— Значит, вы позволите мне погостить у вас до завтрашнего вечера?
— Конечно. Но обещай мне, что если увидишь, что крепость пала, то тут же покинешь ее и отправишься на поиски Ги-Бразила.
— Обещаю, — сказал Корум.
И снова он поймал себя на том, что не сводит глаз с дочери короля Маннаха. Поднося к губам чашу с медом и откинув назад копну густых рыжих волос, она смеялась. Принц смотрел на ее гибкие руки с золотыми браслетами, на крепко сбитую изящную фигуру. Каждым своим движением она походила на настоящую принцессу, предводительницу воинов, но что-то неуловимое в ее манере поведения подсказывало Коруму, что она таит в себе нечто большее. В глазах ее светились живой ум и чувство юмора. Может, он все это себе выдумал, полный отчаянного желания в каждой женщине мабденов найти Ралину?

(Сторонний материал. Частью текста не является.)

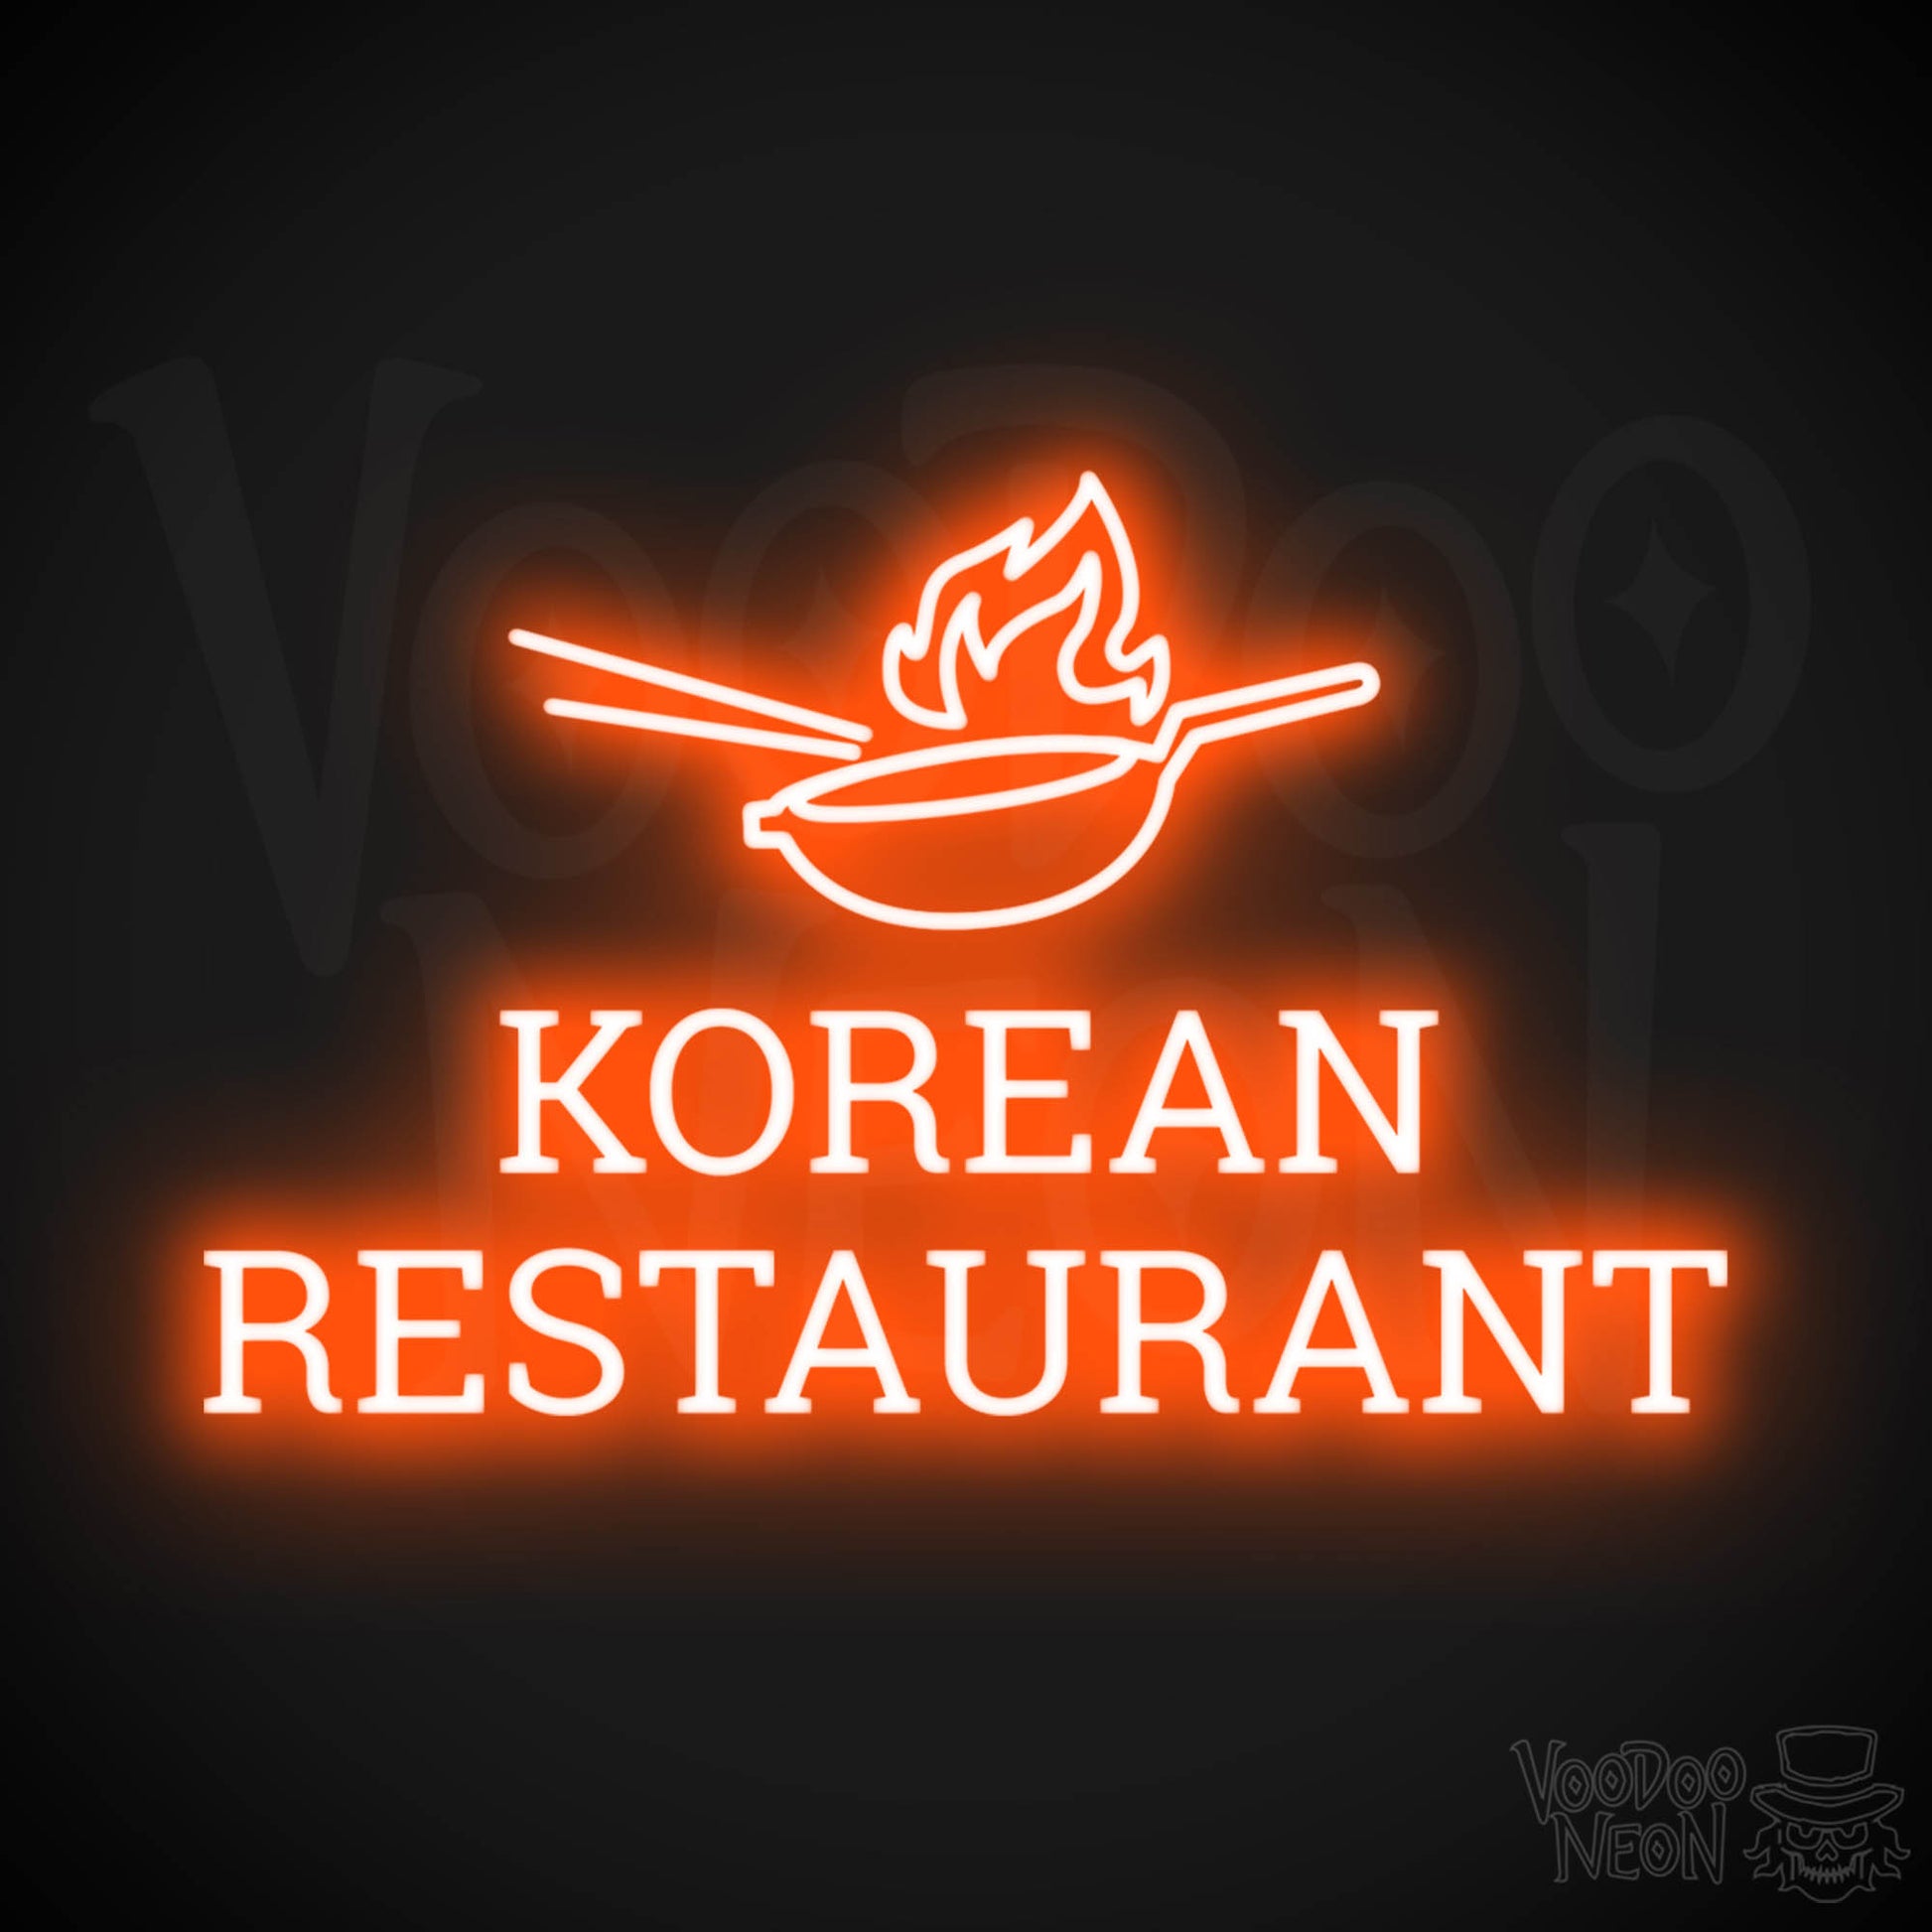 Korean Restaurant LED Neon - Orange

Наконец принц заставил себя покинуть зал и в сопровождении короля Маннаха добрался до отведенной ему комнаты, простой и скромно обставленной, с деревянной кроватью, связанной ремнями, на которой лежали соломенный матрас и меховое одеяло, чтобы укрываться от холода. Он крепко уснул в ней и не видел никаких снов.
Часть II
Новые враги, новые друзья, новые загадки
Глава первая
Фигуры в тумане
И наступил рассвет первого утра, и Корум увидел эту землю.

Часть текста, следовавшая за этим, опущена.